## Create Helper Function

In [40]:
import pandas as pd
import sqlite3

def run_query(q):
    with sqlite3.connect('chinook.db') as conn:
        return pd.read_sql(q, conn)

    
def run_command(q):
    with sqlite3.connect('chinook.db') as conn:
        conn.isolation_level = None
        conn.execute(q)

        
def show_tables():
    show_q = '''SELECT name, type
                FROM sqlite_master
                WHERE type IN ("table","view")
             '''
    return run_query(show_q)

show_tables()

Unnamed: 0,name,type
0,album,table
1,artist,table
2,customer,table
3,employee,table
4,genre,table
5,invoice,table
6,invoice_line,table
7,media_type,table
8,playlist,table
9,playlist_track,table


## Database Schema Diagram
![Image](https://s3.amazonaws.com/dq-content/280/chinook-schema.svg)

## Popular Track Genre (USA)

In [42]:
usa_top_genres = '''
SELECT  g.name AS Genre,
        COUNT(g.name) AS Count,
        COUNT(g.name)/CAST(1051 AS FLOAT) AS Percentage
        
        FROM invoice i
        INNER JOIN customer c ON c.customer_id = i.customer_id
        INNER JOIN invoice_line il ON il.invoice_id = i.invoice_id
        INNER JOIN track t ON t.track_id = il.track_id
        INNER JOIN genre g ON g.genre_id = t.genre_id
        WHERE c.country = "USA"
        GROUP BY Genre
        ORDER BY Count DESC
        '''

run_query(usa_top_genres)


Unnamed: 0,Genre,Count,Percentage
0,Rock,561,0.533777
1,Alternative & Punk,130,0.123692
2,Metal,124,0.117983
3,R&B/Soul,53,0.050428
4,Blues,36,0.034253
5,Alternative,35,0.033302
6,Latin,22,0.020932
7,Pop,22,0.020932
8,Hip Hop/Rap,20,0.019029
9,Jazz,14,0.013321


Based on the sales of tracks across different genres in the USA, we should purchase the new albums by the following artists:

- Red Tone (Punk)
- Slim Jim Bites (Blues)
- Meteor and the Girls (Pop)

It's worth keeping in mind that combined, these three genres only make up only 17% of total sales, so we should be on the lookout for artists and albums from the 'rock' genre, which accounts for 53% of sales.

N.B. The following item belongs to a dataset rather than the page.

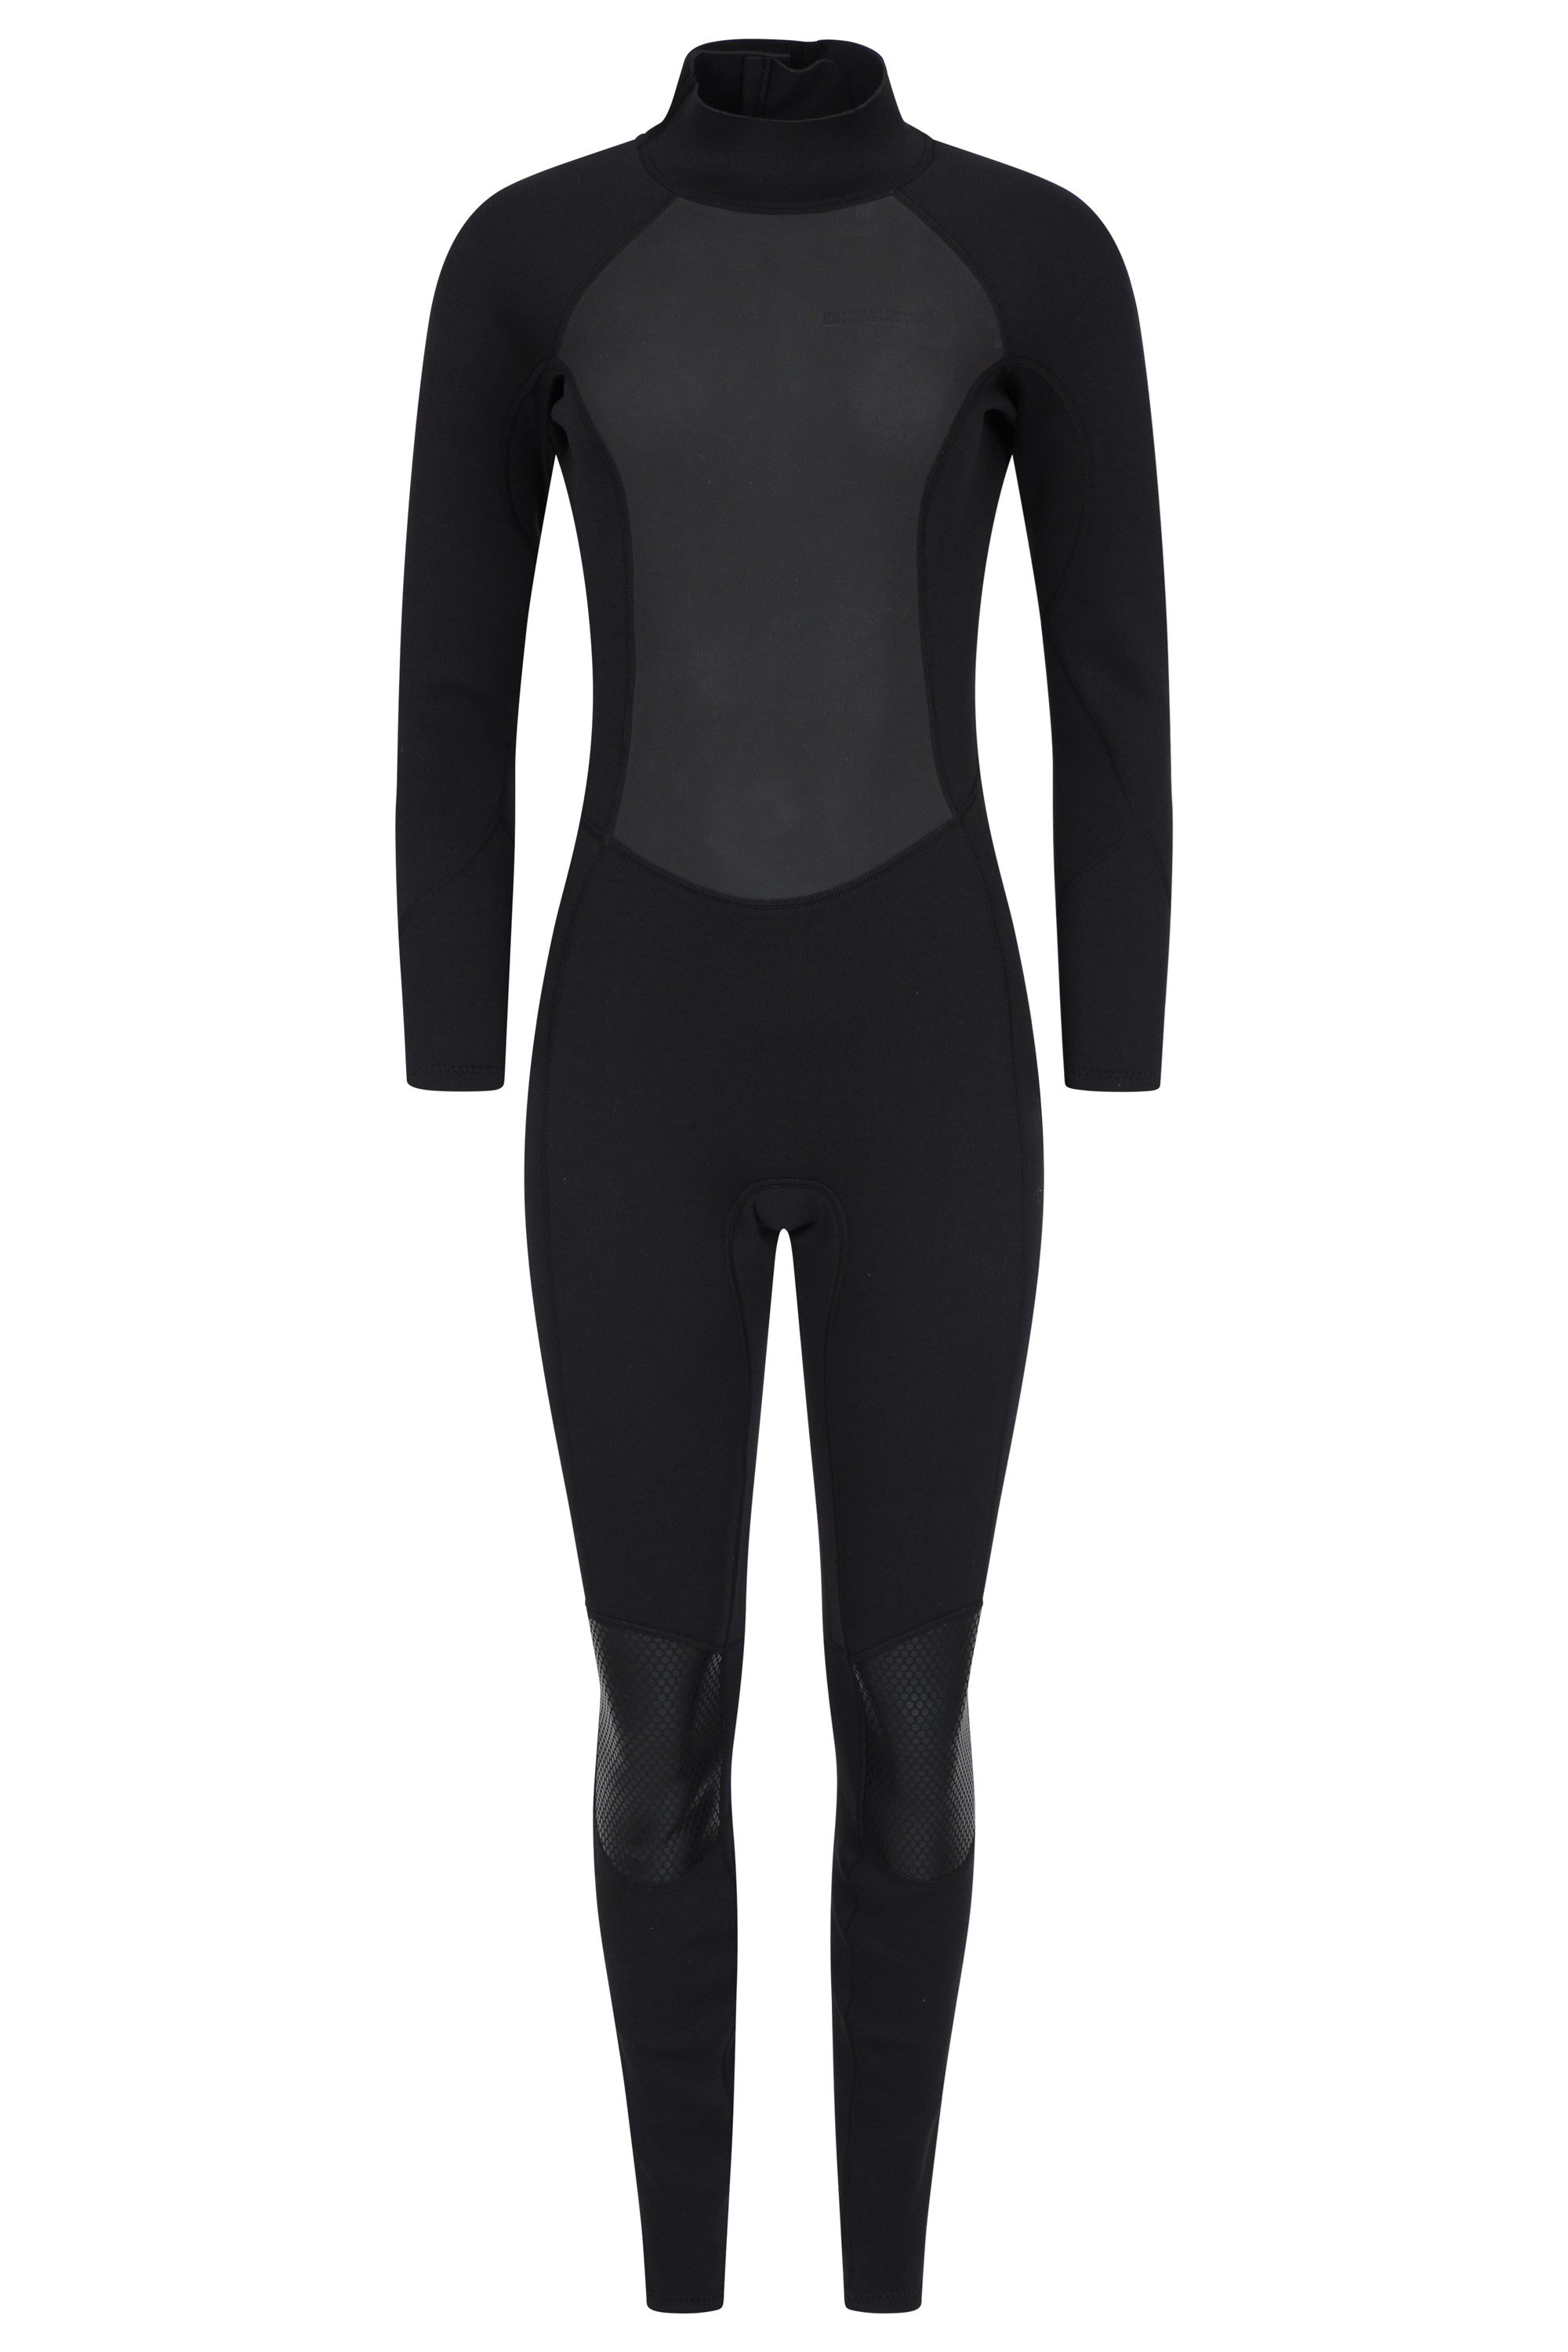 Womens Full Wetsuit - Charcoal

## Employee Sales Performance

In [45]:
employee_sales_q = '''
SELECT  e.first_name||' '||e.last_name AS employee,
        e.hire_date,
        SUM(i.total) AS sales
        
        FROM employee e
        INNER JOIN customer c ON c.support_rep_id = e.employee_id
        INNER JOIN invoice i ON i.customer_id = c.customer_id
        GROUP BY employee
        '''
e_sale = run_query(employee_sales_q)
e_sale

Unnamed: 0,employee,hire_date,sales
0,Jane Peacock,2017-04-01 00:00:00,1731.51
1,Margaret Park,2017-05-03 00:00:00,1584.0
2,Steve Johnson,2017-10-17 00:00:00,1393.92


Jane recorded top sales followed by Margaret and Steve, the difference roughly corresponds with the differences in their hiring dates.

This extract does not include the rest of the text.